(What is required)
Beginning at the line that contains "Antique dark wooden", reproduce the entries below exactly, ending with the line that contains "Bullfighters takes a". Omit each picture.

*** Records shown ***

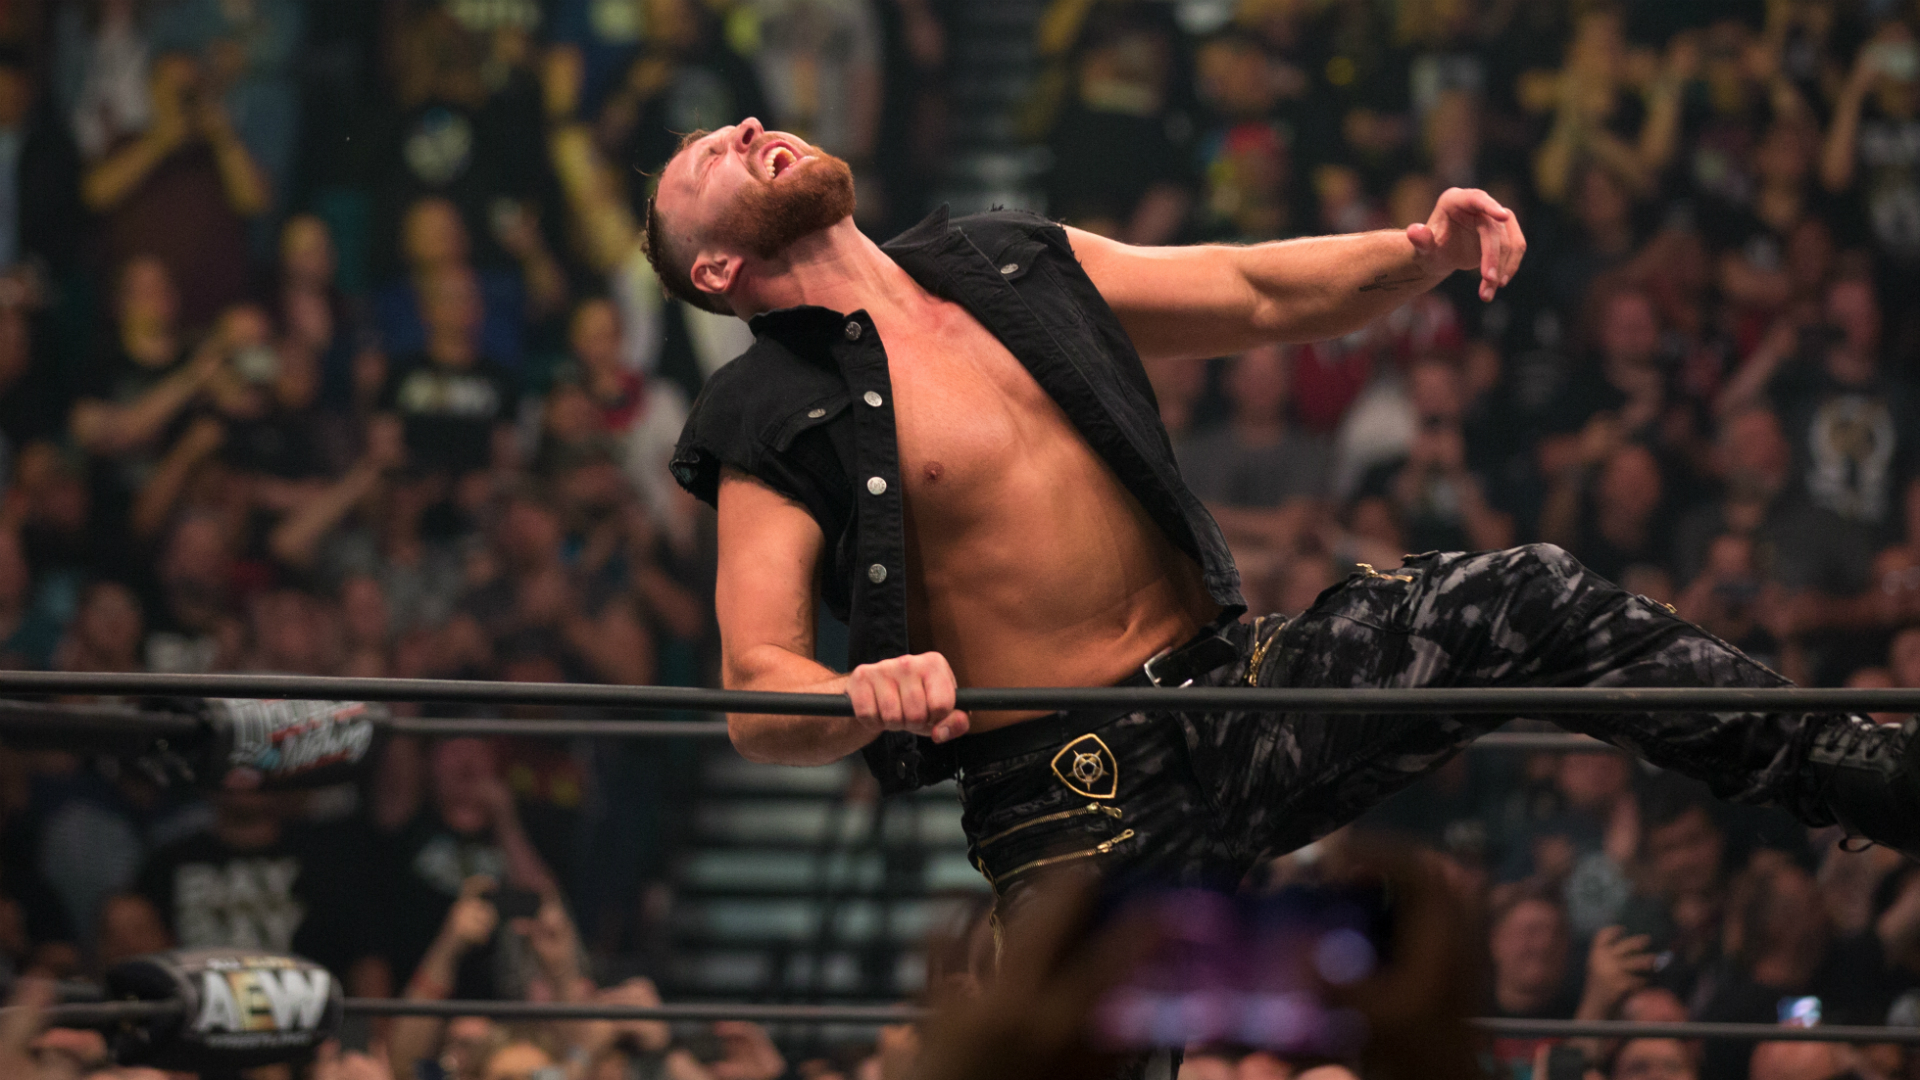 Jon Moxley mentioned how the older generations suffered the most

*** End of Records shown ***
*** Records shown ***

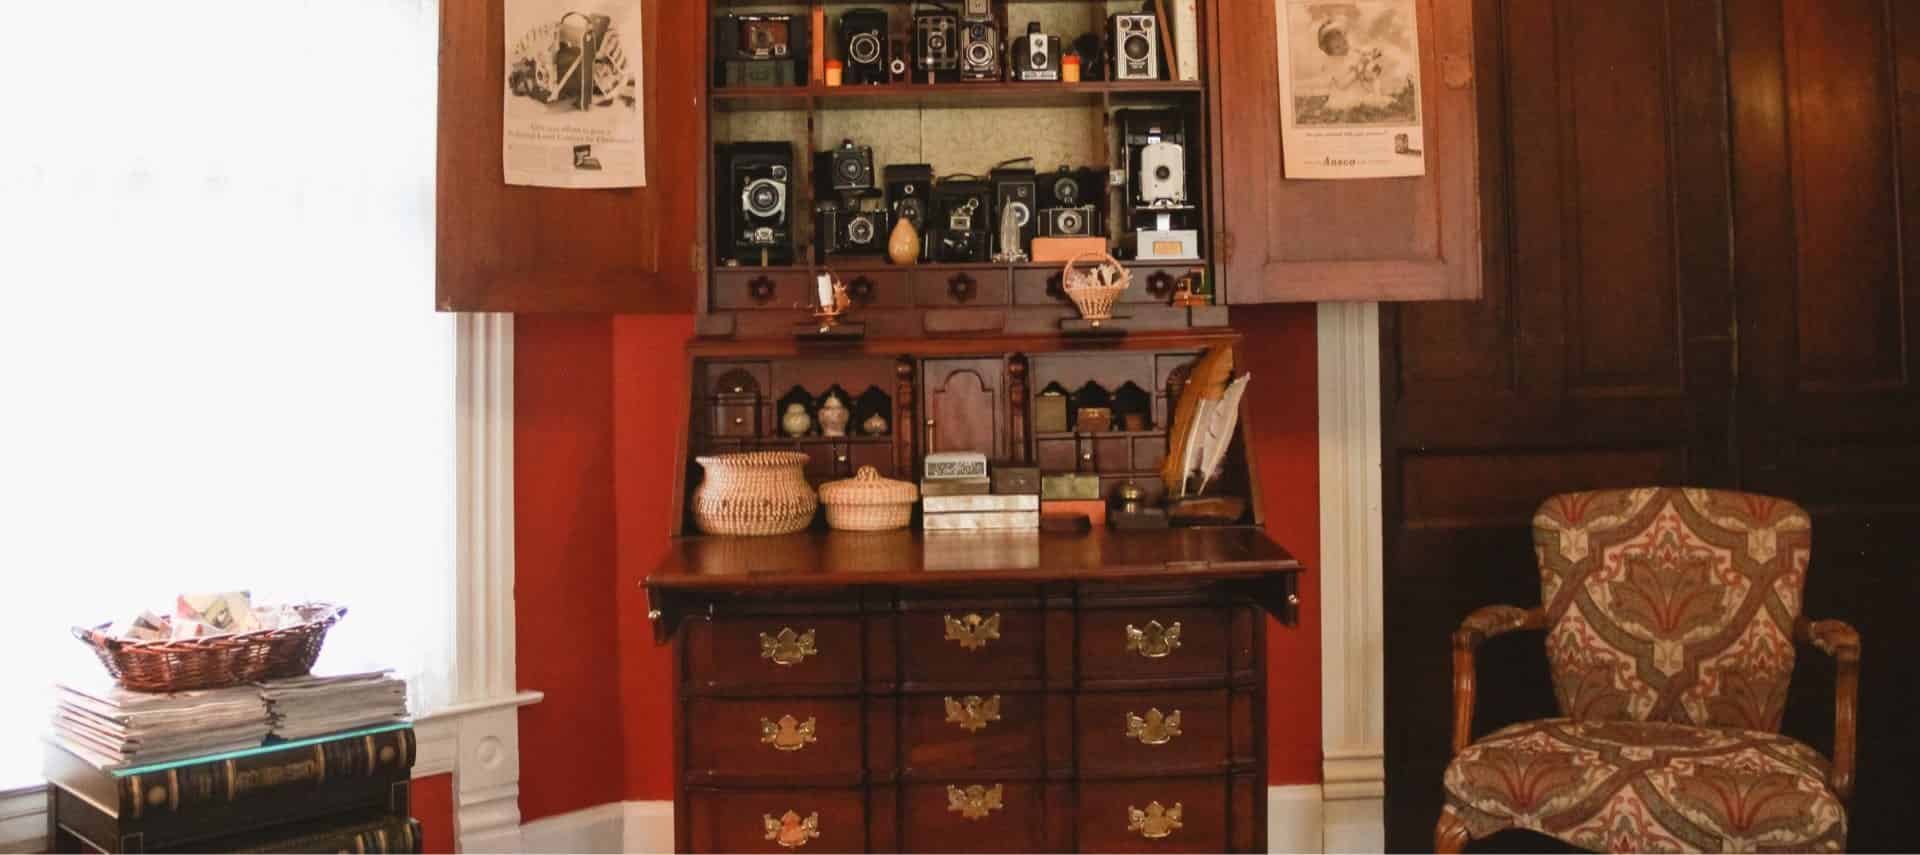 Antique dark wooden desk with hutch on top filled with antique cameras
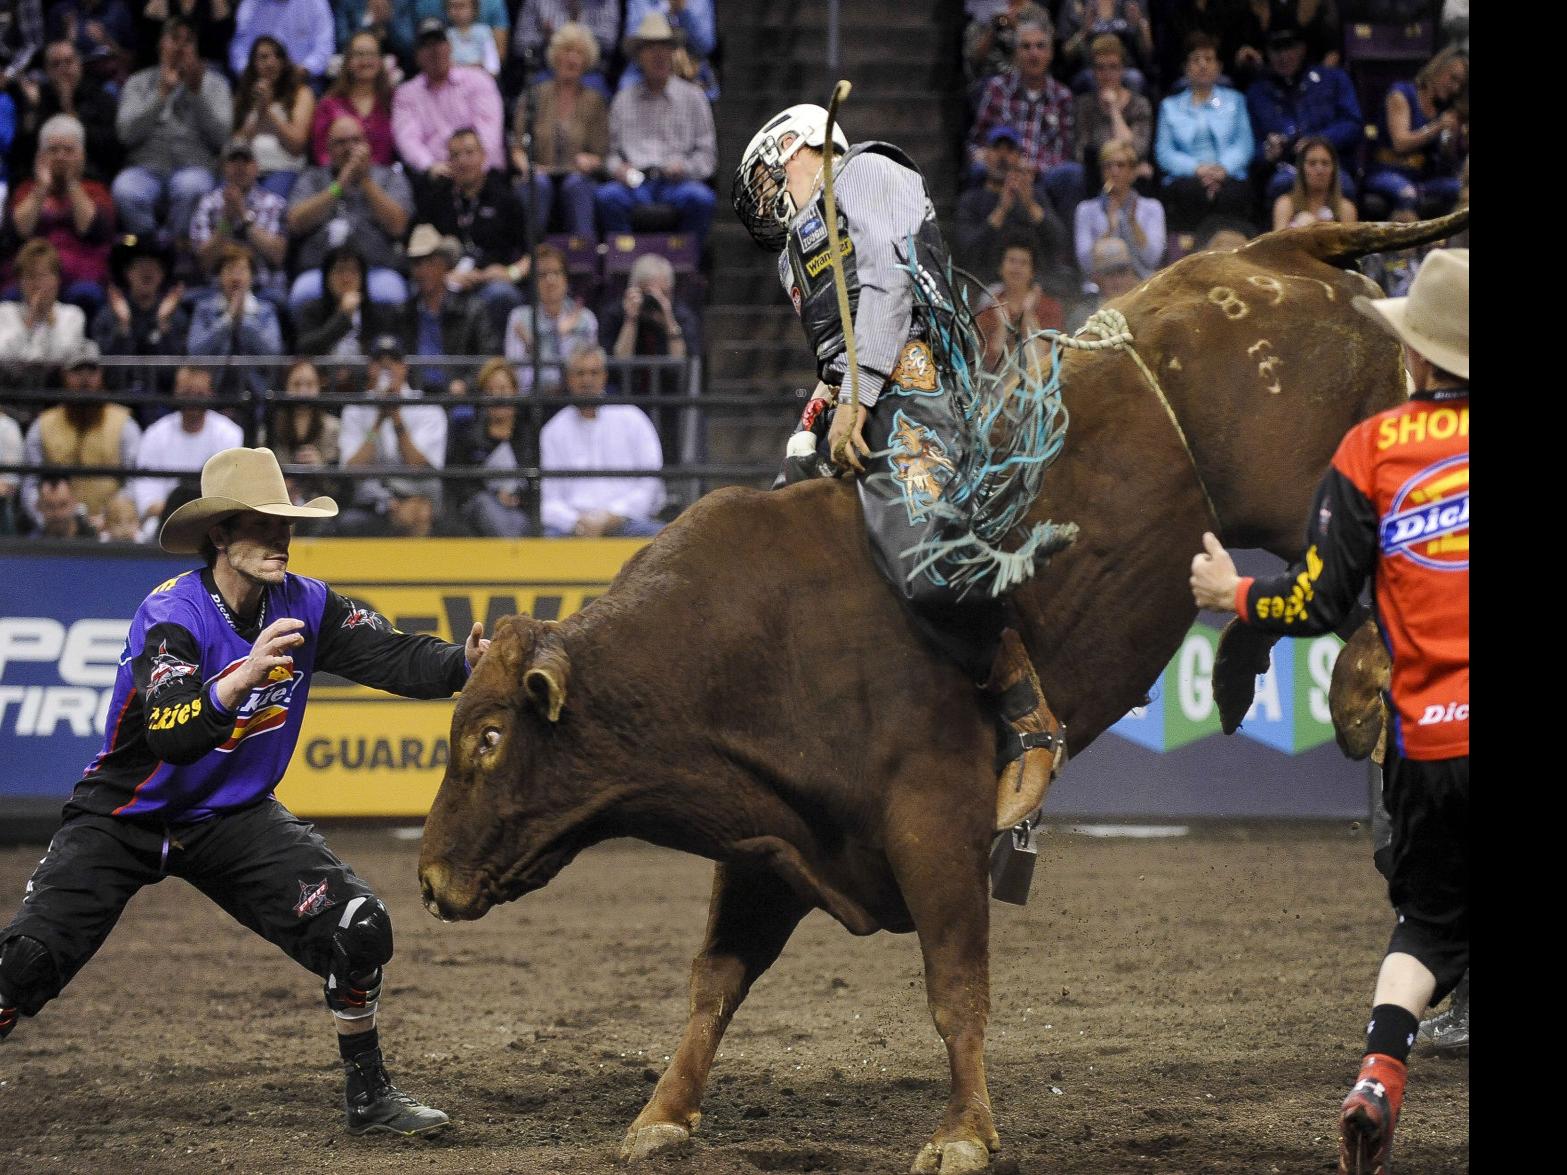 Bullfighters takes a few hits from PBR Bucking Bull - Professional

*** End of Records shown ***
*** Records shown ***

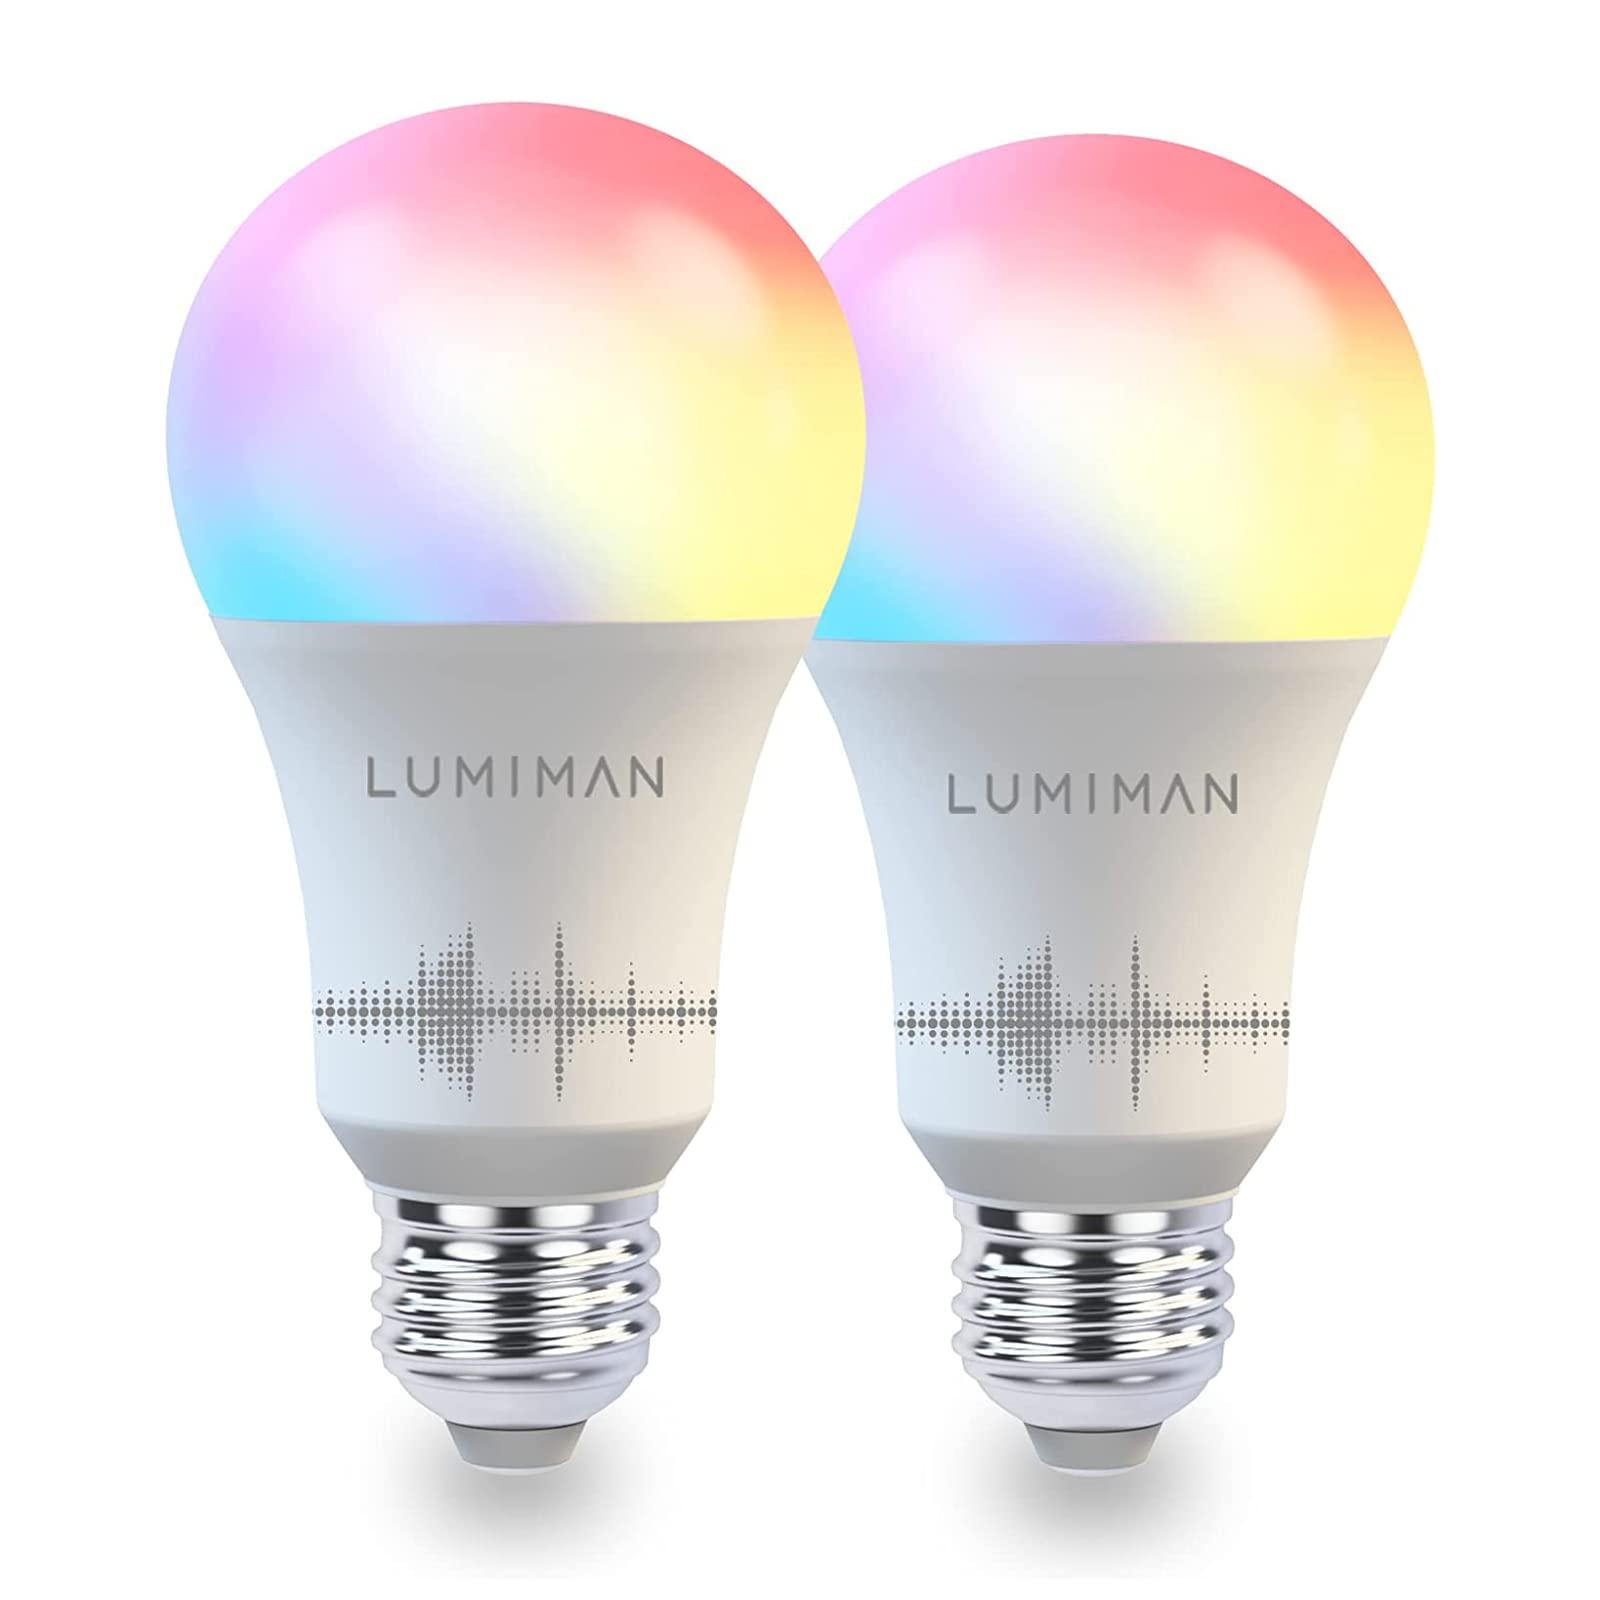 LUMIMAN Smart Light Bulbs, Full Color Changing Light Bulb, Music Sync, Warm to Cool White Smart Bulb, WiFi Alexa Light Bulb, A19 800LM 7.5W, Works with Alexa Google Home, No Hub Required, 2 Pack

*** End of Records shown ***

(Your solution)
 Antique dark wooden desk with hutch on top filled with antique cameras
 Bullfighters takes a few hits from PBR Bucking Bull - Professional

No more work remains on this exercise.